Portal primer

If you asked 100 people for their definition of an enterprise portal, you would get a variety of responses. To some, a portal is the Web site they open to find out when the cafeteria will serve macaroni and cheese. To some, a portal is a technology framework that supports integration with multiple systems. And to others, a portal is their killer app — the system through which they access all of the content, processes, data and functionality they need to do their job.

The concept of a portal is not a new one, nor is the wide array of technologies that supports portal implementation. Despite these facts, many enterprises struggle with the same basic issues — Why do I need to implement a portal? What is its real business value? How will it scale over time?

While the answers to these questions differ for every organization, the reason they remain unanswered is generally the same. It is all too common that an organization views portal development as purely a technology exercise — the implementation of a set of software that is looking for a problem to solve.

Perhaps portal vendor X has done a good job of selling a set of features for their software, perhaps the CIO likes to stay on the bleeding edge or perhaps an enterprising young developer spends her free time building prototypes using the latest technology.

This is all well and good, but successful enterprise portal development needs to take a different, more comprehensive approach.

Business requirements
First, it is important to define what a portal is and what it can become. At a high level, a portal is a single point of access to an organization’s information, knowledge, applications and data for employees, customers, vendors and intermediaries.

Given this definition, an organization must define its overall business requirements (i.e., why do we need a portal?), and then determine how a portal can help meet those requirements. For example, is the portal implementation focused on internal work force efficiencies, or is it focused on generating new revenue streams from an existing client base?

Regardless of business objectives, this exercise will create a set of benchmarks that can ultimately measure the portal’s success and ROI, and help frame a prioritization plan to scale the portal over time.

User and functional requirements
Next, an organization must clearly articulate its user and functional requirements, which in turn will define user segments (i.e., who will use the portal?) and user needs (i.e., what will the portal do?). This exercise helps ensure buy-in and adoption from the portal’s users, necessary for successful implementation.

Technical requirements
It is only after these requirements have been defined that the technical requirements discussion should truly begin. Rarely, if ever, should this be a blue-sky decision, unbounded by existing technology parameters.

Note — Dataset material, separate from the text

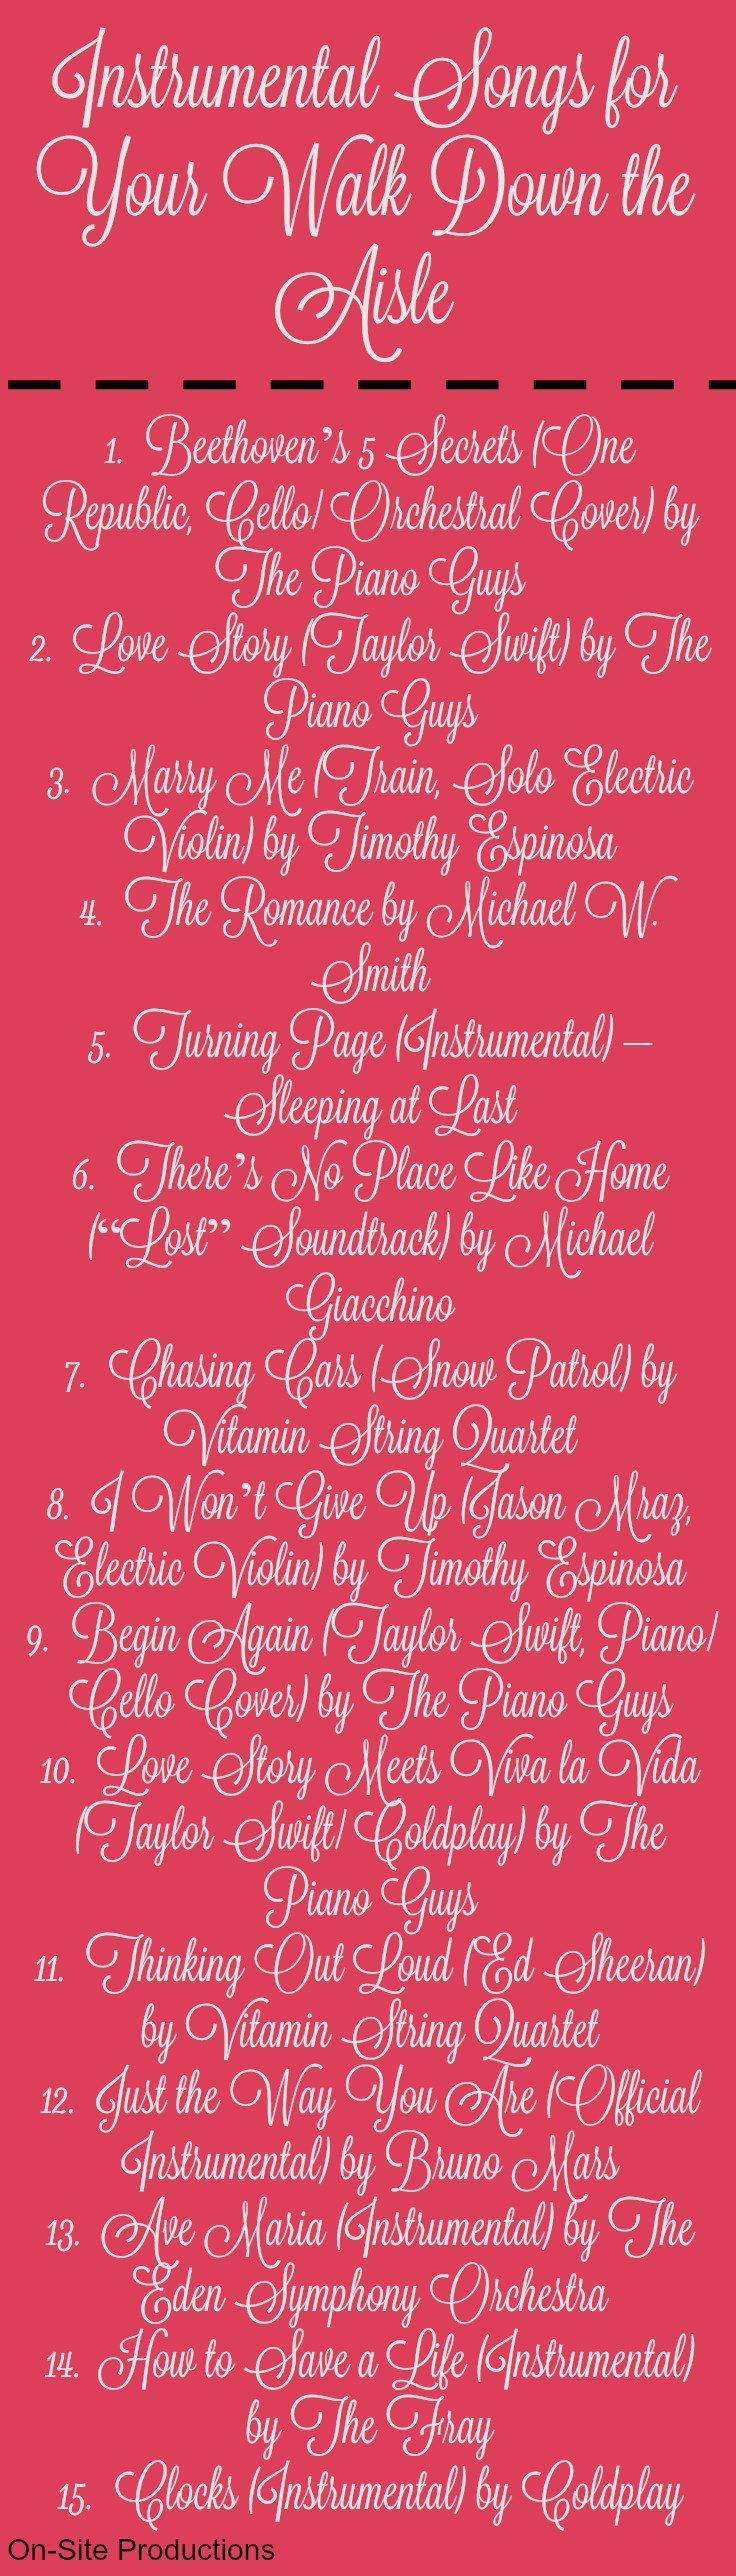 best wedding ideas images on pinterest bridesmaid proposal

Most major portal software packages are robust enough to meet basic functional and integration requirements (e.g., collaboration, document management, work flow and personalization), so platform decisions will rely primarily on existing corporate standards and specific portal requirements as defined in the previous exercises. It is important that business and user requirements drive technology decisions and not vice versa.

Operational requirements
One final consideration, one often ignored during portal implementation initiatives, is the new system’s operational requirements (i.e., how will we run, maintain and enhance the portal over time?). This exercise helps determine processes for adding functionality to the portal, adding integration points, and/or expanding the portal’s focus to include more internal or external constituents.

Without defining these processes early, the portal can evolve into a motley collection of visual interfaces, content areas, data structures and integration points, thus defeating the efficiencies that were part of its original goals.

By clearly defining business and user objectives, and by allowing these objectives to drive the technology and operational decisions that govern portal implementation, an organization will maximize the benefit of their portal development and implementation.